> [Material provided]
_ _ _ _ _

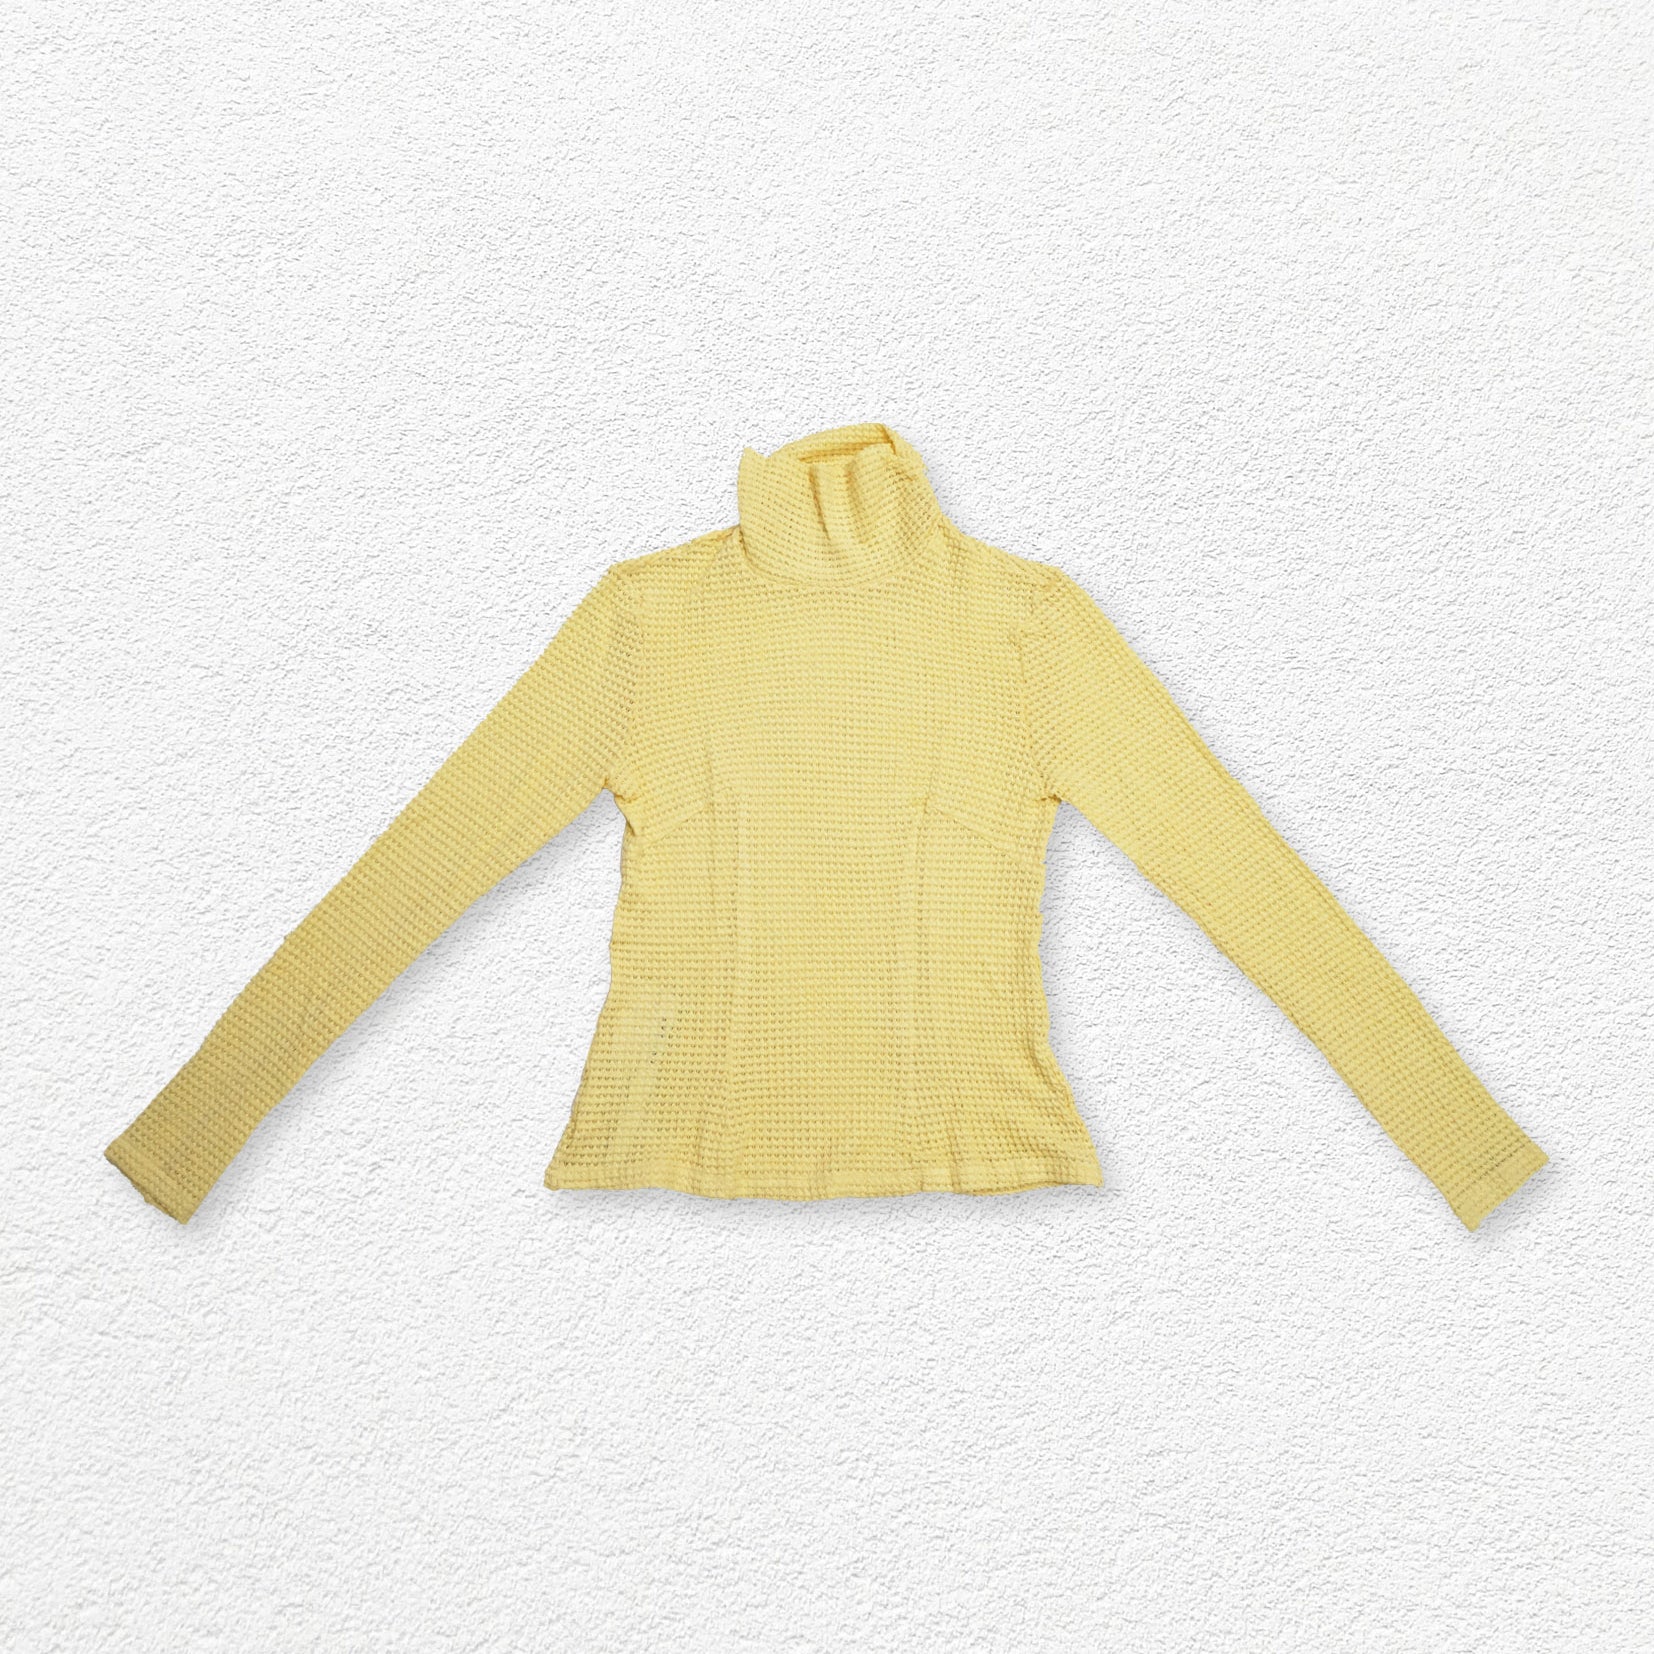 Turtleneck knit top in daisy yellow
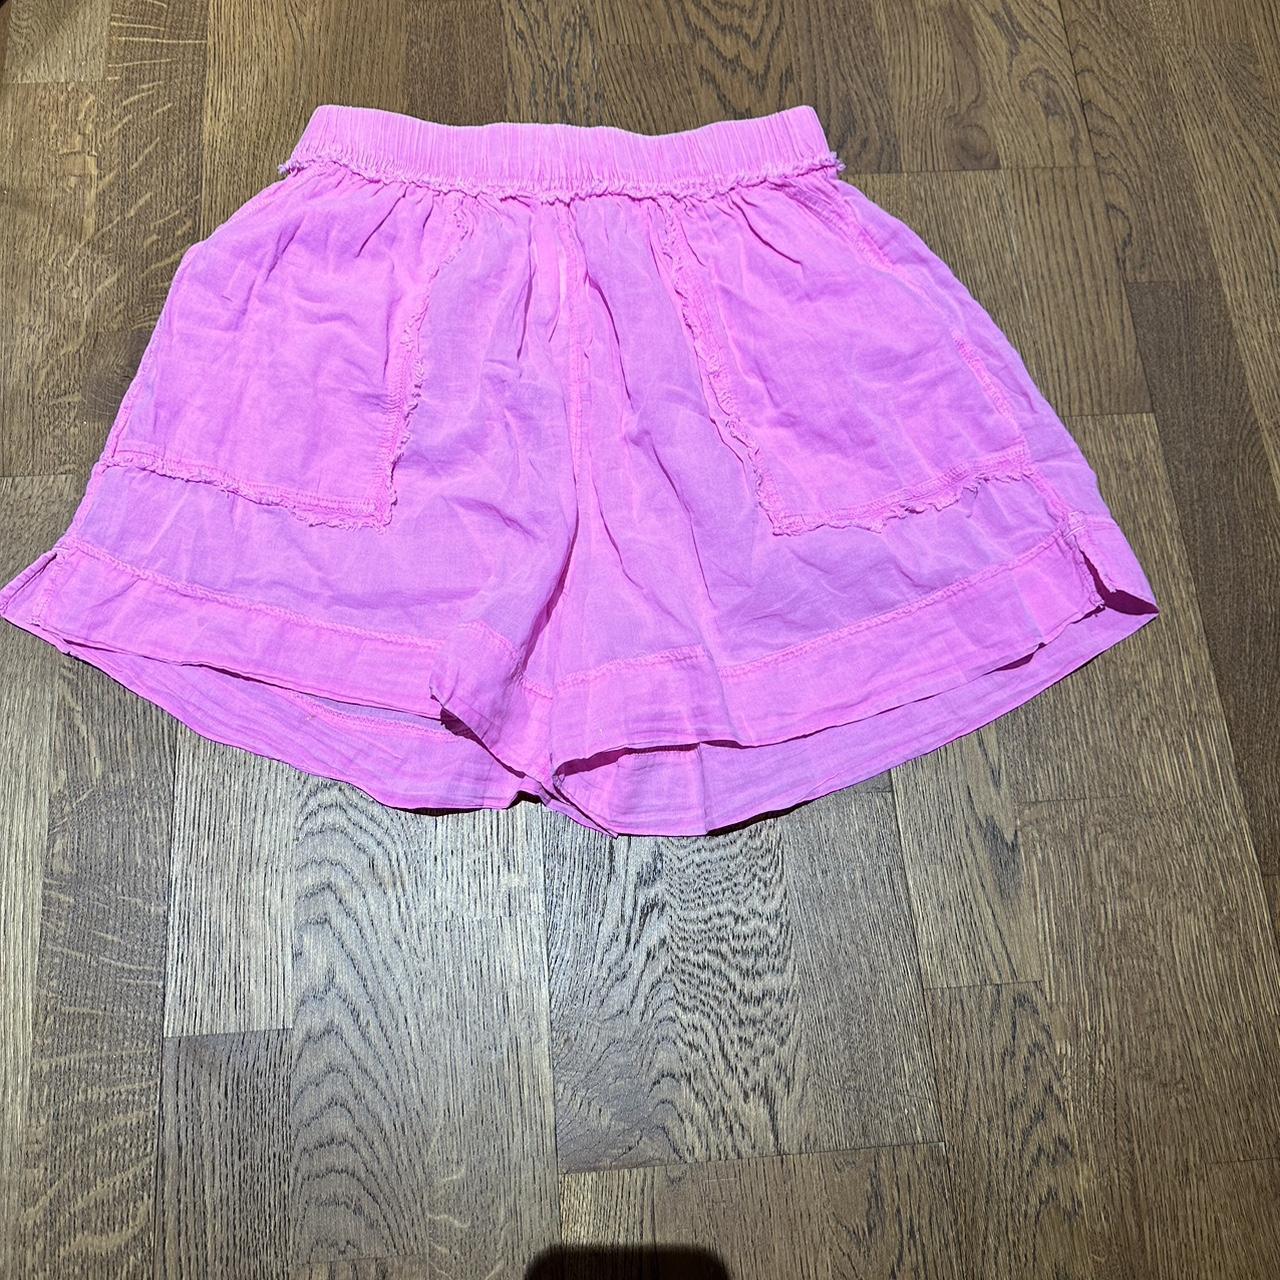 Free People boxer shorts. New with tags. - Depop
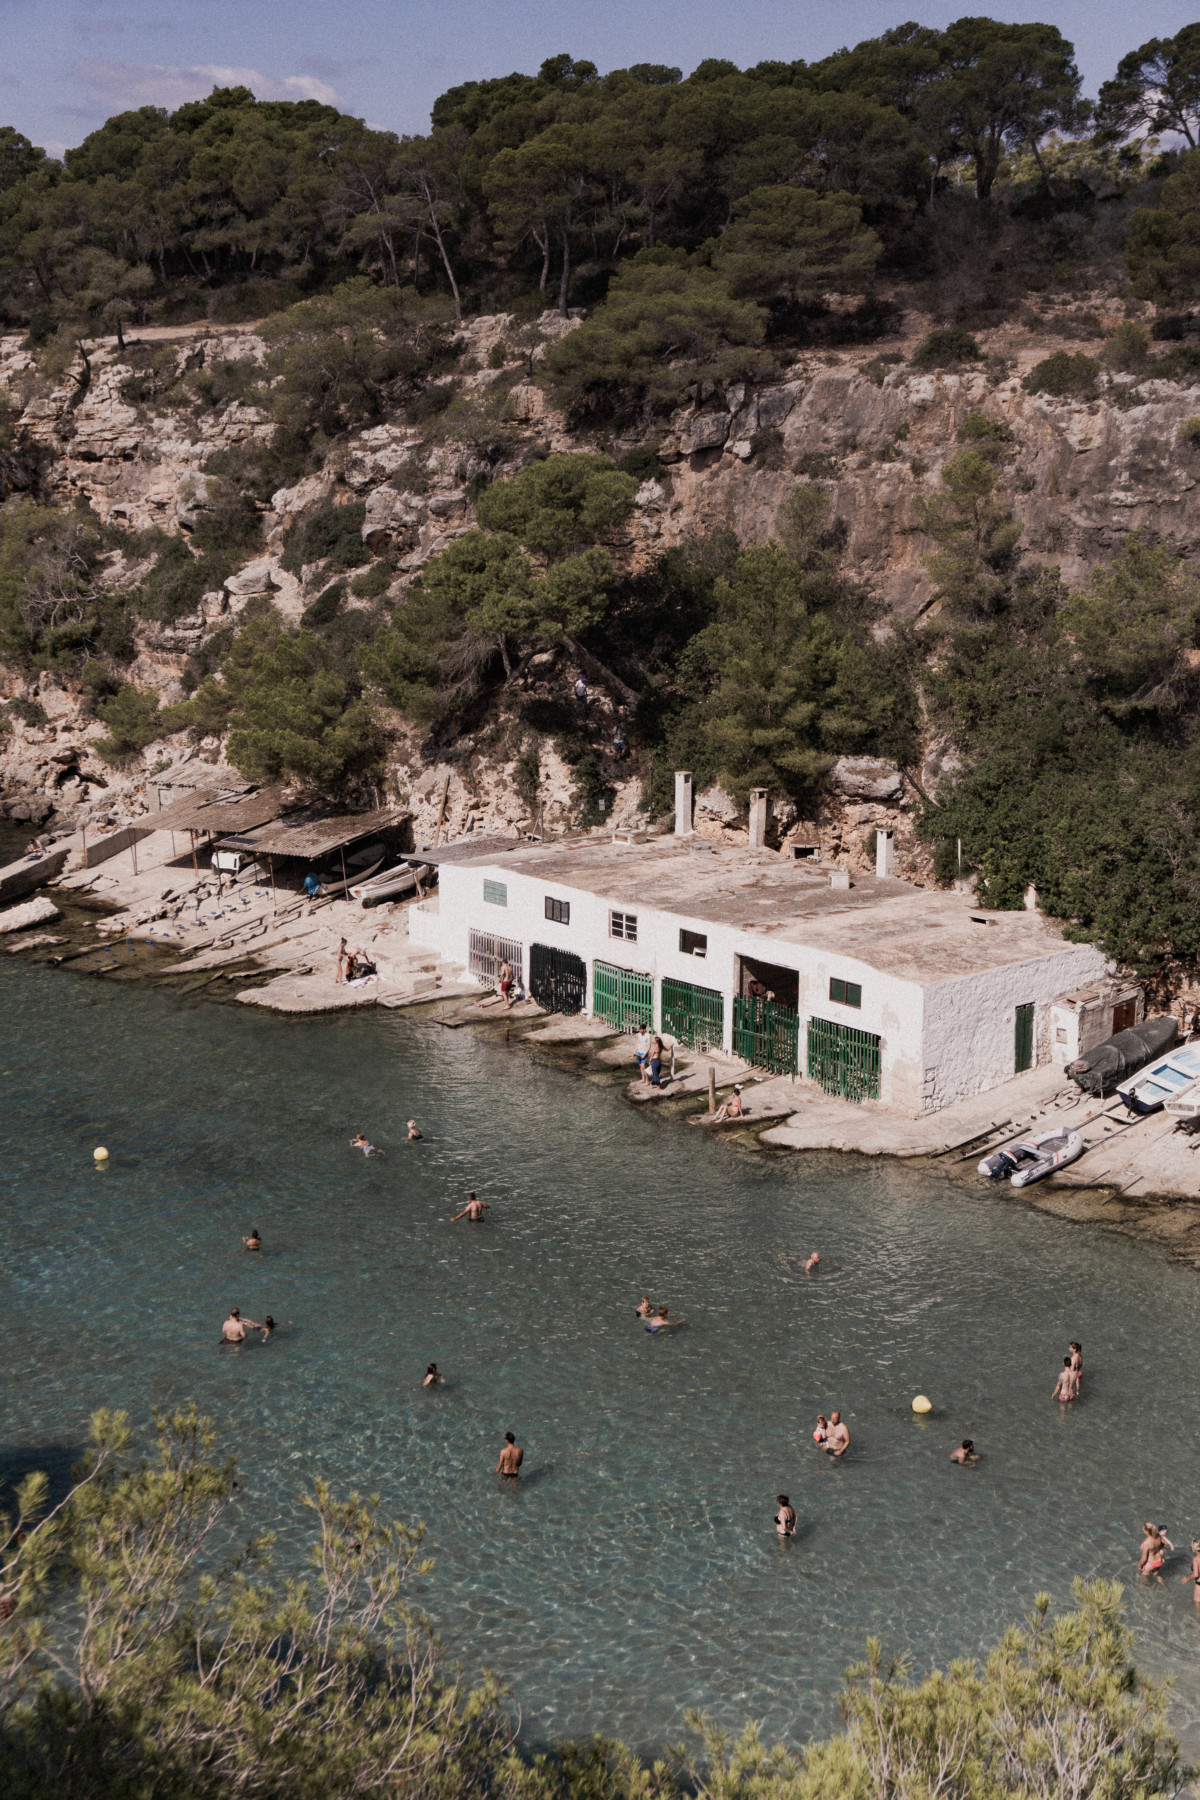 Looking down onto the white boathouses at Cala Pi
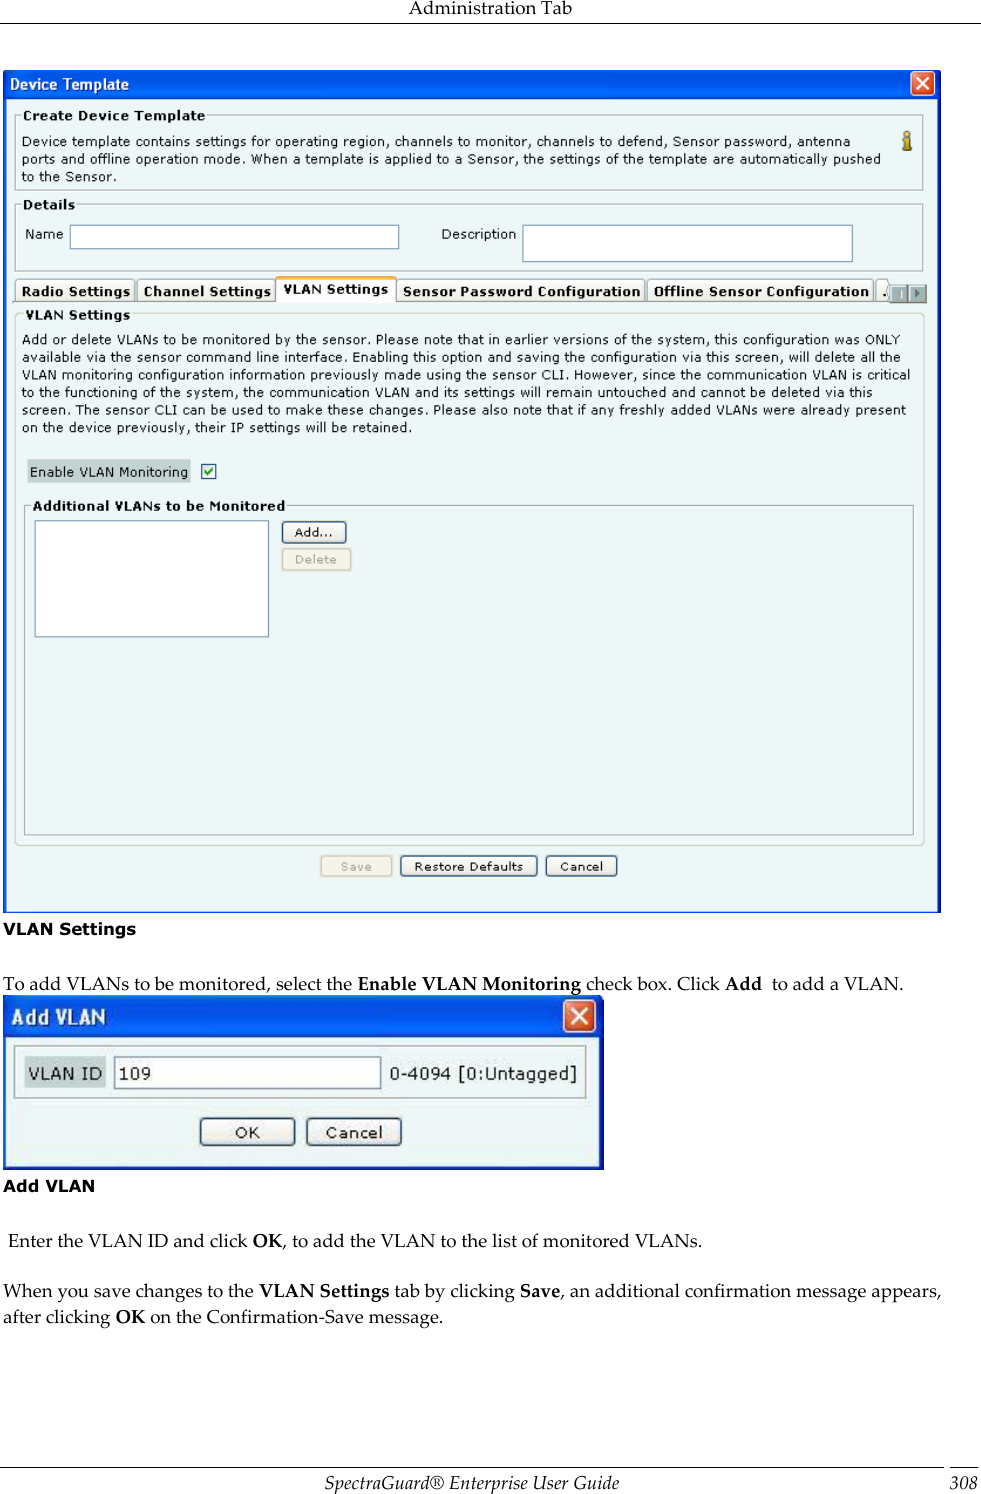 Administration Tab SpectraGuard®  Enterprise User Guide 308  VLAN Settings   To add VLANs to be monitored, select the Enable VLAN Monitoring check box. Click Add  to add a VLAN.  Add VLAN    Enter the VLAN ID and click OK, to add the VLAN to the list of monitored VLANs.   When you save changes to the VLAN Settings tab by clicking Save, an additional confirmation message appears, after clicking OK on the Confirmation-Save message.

_ _ _ _ _

> [What is being asked]
Print all the material above exactly, and drop the images.

> [Result]
 Turtleneck knit top in daisy yellow
 Free People boxer shorts. New with tags. - Depop
 Looking down onto the white boathouses at Cala Pi
 Administration Tab SpectraGuard®  Enterprise User Guide 308  VLAN Settings   To add VLANs to be monitored, select the Enable VLAN Monitoring check box. Click Add  to add a VLAN.  Add VLAN    Enter the VLAN ID and click OK, to add the VLAN to the list of monitored VLANs.   When you save changes to the VLAN Settings tab by clicking Save, an additional confirmation message appears, after clicking OK on the Confirmation-Save message.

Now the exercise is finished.